Заяц присел, приготовился сделать прыжок, затем резко повернулся и увидел ястреба. И вот здесь и птица и зверь повели себя более чем странно. Ястреб не бросился на зайца, а просто сложил крылья и сел в каком-то метре от него. А беляк, вместо того чтобы кинуться наутек, ни с того ни с сего засучил передними лапами, затем подпрыгнул вверх и уселся на место. Движения его были вялыми, словно в кино при замедленной съемке. Ястреб взлетел, часто махая крыльями, завис над зайцем, затем снова опустился на землю. А заяц не падал на спину, не пытался убегать и вообще ничего не предпринимал для своего спасения. Подпрыгнет чуть-чуть и глядит на ястреба, снова подпрыгнет и снова смотрит.

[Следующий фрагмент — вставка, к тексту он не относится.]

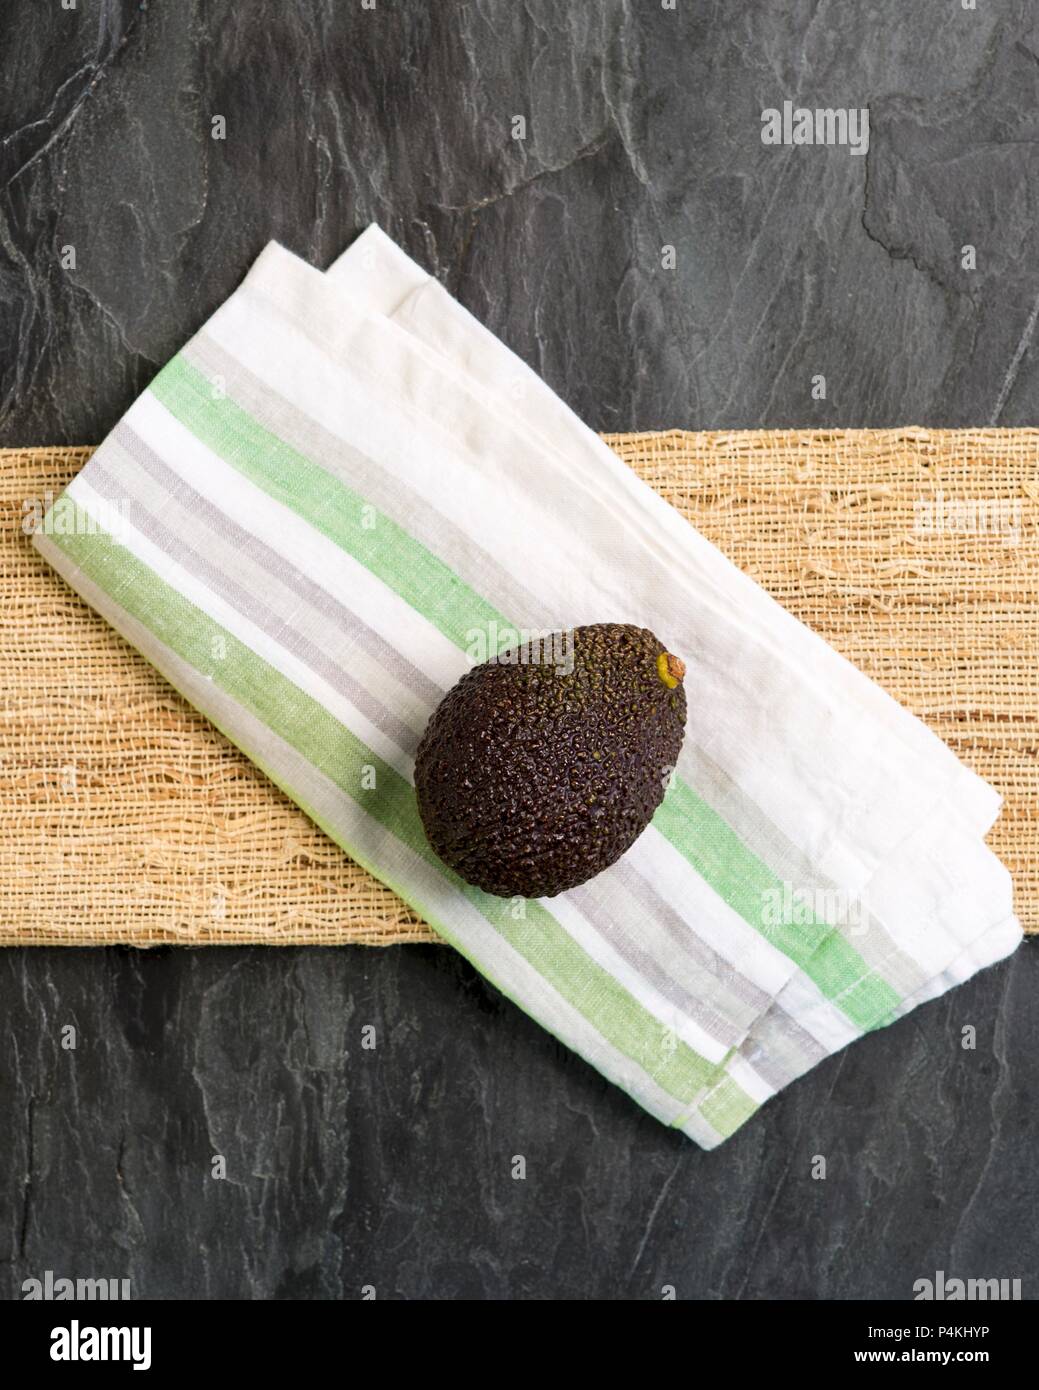 A whole avocado on a fabric napkin (seen from above) Stock Photo

На мои крики ни птица, ни зверь не обращали внимания. Вот ястреб взлетел, опустился на спину зайцу, несколько раз ударил его клювом, и тот, дергая лапами, упал на песок.
Я спрыгнул с сена и бросился через перекат. Ястреб заметил меня, поднялся на крыло и скрылся за деревьями. Когда я подбежал к тополю, заяц уже не шевелился…
Через два дня я рассказал о случившемся нашему бригадиру Шуриге. Тот двинул плечами и сказал:
— Я тебе тоже случай расскажу. Как-то вечером на лежащую у крыльца колоду прилетела синичка. Только что на колоде мы рубили мясо, вот пичуга и принялась выковыривать остатки. Крылышки расставила, перья взъерошила и знай себе старается. Я из избушки вышел, а она меня и не видит. Протянул руку, хлоп и накрыл. Она сразу же затихла и не шелохнется. Убрал руку, а она мертвая! Глаза закрыла, крылья раскинула, и голова вот так отвисла.
Ах, думаю, дурак! Зачем живую душу погубил? Она ко мне с доверием, а я… Но синичка вдруг шевельнулась, глаза открыла, пурх! — и уже на ветке. Сидит, хитро так поглядывает. А ведь мертвее мертвой была.
Ни за что не поверю, что она специально притворилась. Для того чтобы до этого додуматься, даже человеку нужно какое-то время. А то ведь в один миг отключилась. Значит, это в птичке было природой заложено. Как опасность — так лапки кверху! Начни она вырываться, кто его знает, чем бы все закончилось? А так, гляди, замерла на время и спаслась. Наверное, и зайцам такое свойство когда-то спасало жизнь. В природе ведь все умно, все целесообразно. Только многого еще мы не понимаем.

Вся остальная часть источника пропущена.